Frame Interpolation for Large Scene Motion

## Model overview

The `frame-interpolation` model, developed by the Google Research team, is a high-quality frame interpolation neural network that can transform near-duplicate photos into slow-motion footage. It uses a unified single-network approach without relying on additional pre-trained networks like optical flow or depth estimation, yet achieves state-of-the-art results. The model is trainable from frame triplets alone and uses a multi-scale feature extractor with shared convolution weights across scales.

The `frame-interpolation` model is similar to the [FILM: Frame Interpolation for Large Motion](https://aimodels.fyi/models/replicate/film-frame-interpolation-for-large-motion-zsxkib) model, which also focuses on frame interpolation for large scene motion. Other related models include [stable-diffusion](https://aimodels.fyi/models/replicate/stable-diffusion-stability-ai), a latent text-to-image diffusion model, [video-to-frames](https://aimodels.fyi/models/replicate/video-to-frames-fofr) and [frames-to-video](https://aimodels.fyi/models/replicate/frames-to-video-fofr), which split a video into frames and convert frames to a video, respectively, and [lcm-animation](https://aimodels.fyi/models/replicate/lcm-animation-fofr), a fast animation model using a latent consistency model.

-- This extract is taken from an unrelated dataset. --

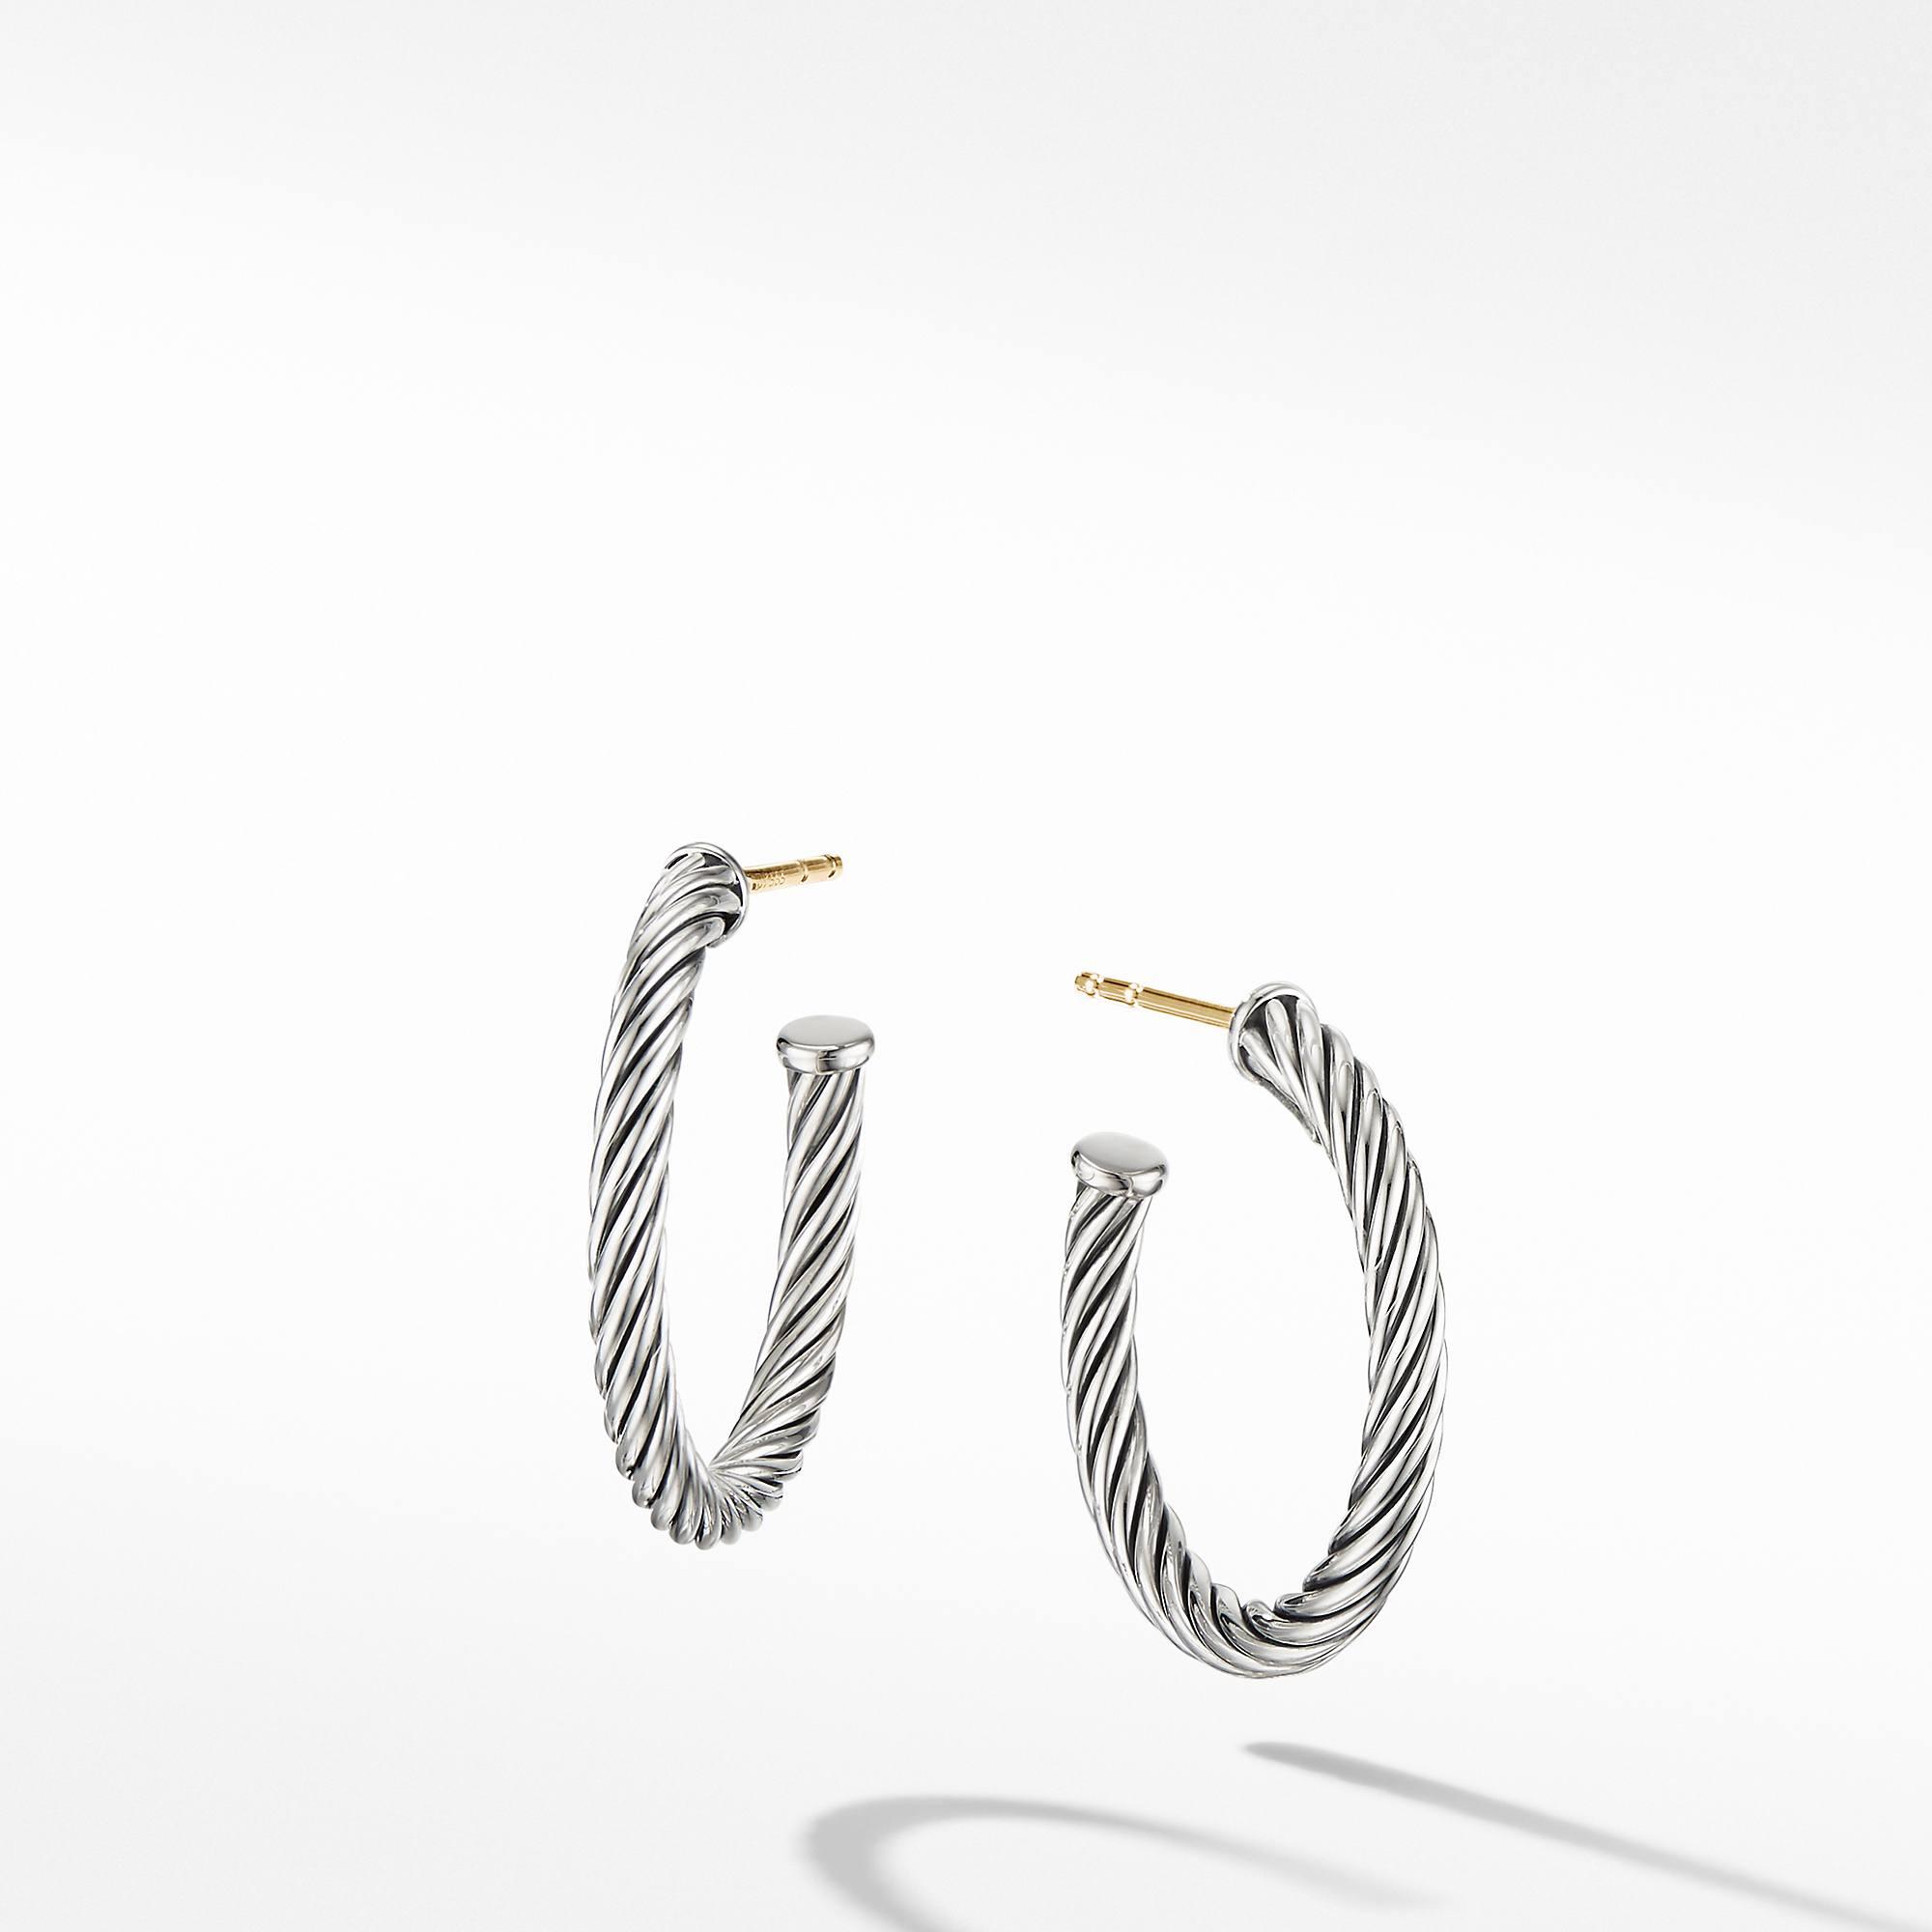 David Yurman Small Cable Hoop Earrings in Sterling Silver

## Model inputs and outputs

The `frame-interpolation` model takes two input frames and the number of times to interpolate between them. The output is a URI pointing to the interpolated frames, including the input frames, with the number of output frames determined by the "Times To Interpolate" parameter.

### Inputs
- **Frame1**: The first input frame
- **Frame2**: The second input frame
- **Times To Interpolate**: Controls the number of times the frame interpolator is invoked. When set to 1, the output will be the sub-frame at t=0.5; when set to > 1, the output will be an interpolation video with (2^times_to_interpolate + 1) frames, at 30 fps.

### Outputs
- **Output**: A URI pointing to the interpolated frames, including the input frames.

## Capabilities

The `frame-interpolation` model can transform near-duplicate photos into slow-motion footage that looks as if it was shot with a video camera. It is capable of handling large scene motion and achieving state-of-the-art results without relying on additional pre-trained networks.

## What can I use it for?

The `frame-interpolation` model can be used to create high-quality slow-motion videos from a set of near-duplicate photos. This can be particularly useful for capturing dynamic scenes or events where a video camera was not available. The model's ability to handle large scene motion makes it well-suited for a variety of applications, such as creating cinematic-quality videos, enhancing surveillance footage, or generating visual effects for film and video production.

## Things to try

With the `frame-interpolation` model, you can experiment with different levels of interpolation by adjusting the "Times To Interpolate" parameter. This allows you to control the number of in-between frames generated, enabling you to create slow-motion footage with varying degrees of smoothness and detail. Additionally, you can try the model on a variety of input image pairs to see how it handles different types of motion and scene complexity.